I recently participated in a small conference devoted to “physician alignment in the academic medical center.” The meeting was sponsored by a health care consulting firm, and drew about a dozen participants from around the country. The title refers to ways in which academic centers figure out how to work with their traditionally autonomous if not completely independent physicians to advance the institutional mission. An informal format allowed us to share (war) stories from our respective institutions and learn from each other. The ground rules included confidentiality (“what happens in Nashville stays in Nashville”), so I won’t disclose any specifics, but a few themes emerged that are worth sharing.
First, to no one’s great surprise, the old saw that “if you have seen one academic medical center, you’ve seen one academic medical center” still holds. There was great diversity among the represented institutions in organizational structures and in the financial arrangements between the parent institution and practicing physicians.
Second, everyone expressed uncertainty, if not outright anxiety, about the ability of current organizational models to assure success — however defined — in the years ahead.
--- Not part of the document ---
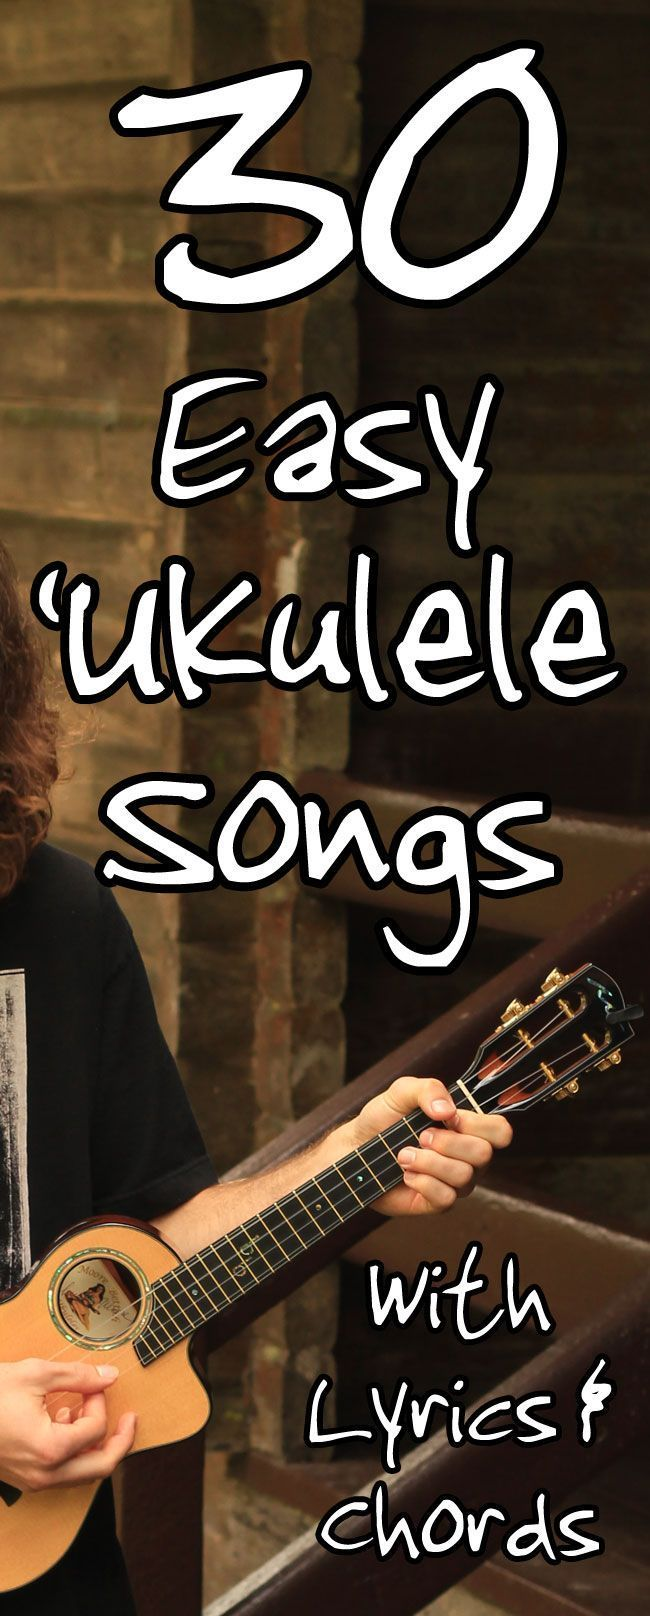 30 Easy Ukulele Songs For Beginners 3 Or 4 Chord Songs With Lyrics

As one participant noted grimly, the three “businesses” of academic medical centers — clinical care, biomedical research, and medical education — are all “in recession” financially, so it is vital to rethink traditional structures. In the most striking example discussed that day, a medical school had sold its financially strapped faculty practice to a large independent multispecialty group practice, which then entered into a contractual arrangement with the school to provide clinical services. A radical move, for sure, and one which led to a deep-seated and ongoing culture clash.
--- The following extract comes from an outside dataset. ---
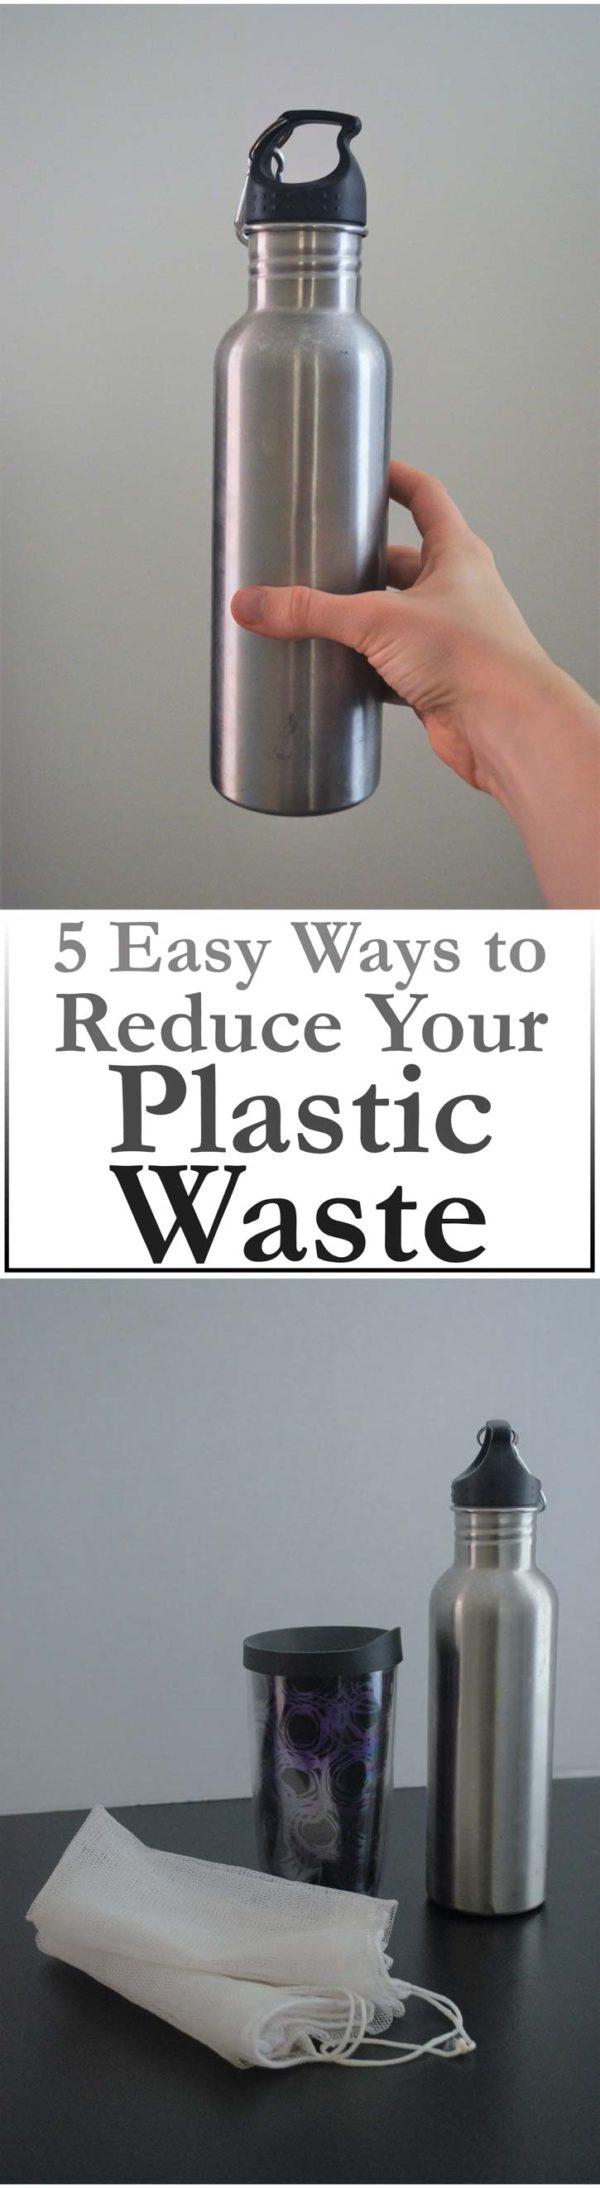 plastic waste reduction zero waste environmentally friendly

Third, every institution was trying to figure out the best way to “engage” and “align” with community physicians. Strategies differed. Some were doing so “defensively” to lock in their existing base of referring physicians. Others were “offensively” trying to expand market share. The tactics of alignment differed too. Some were employing physicians on a large scale; others were “franchising the brand” of the academic center by providing independent practices with the hospital’s EMR and providing faculty status to community physicians.
The language around these efforts was interesting. The predominant explanation was that they were trying to balance their assets, by adding primary and community-based care to the traditional specialist-heavy roster of the academic center. The stated idea was that they could then continue to provide hospital based tertiary care, while simultaneously developing the capability to manage populations and participate in risk-based reimbursement schemes. Trouble is, a lot of the strategies looked less like that and more like trying to assure a steady stream of inpatients to “feed the beast” of the academic center.
I think it is fair to say that every academic medical center is struggling to figure out how to keep its doors open, while reimbursement for clinical care, which has always “floated” the teaching and research missions, declines. It also seems pretty clear that there is not going to be a single blueprint for achieving this, and that some institutions will fail in their attempts.
Ira Nash is a cardiologist who blogs at Auscultation.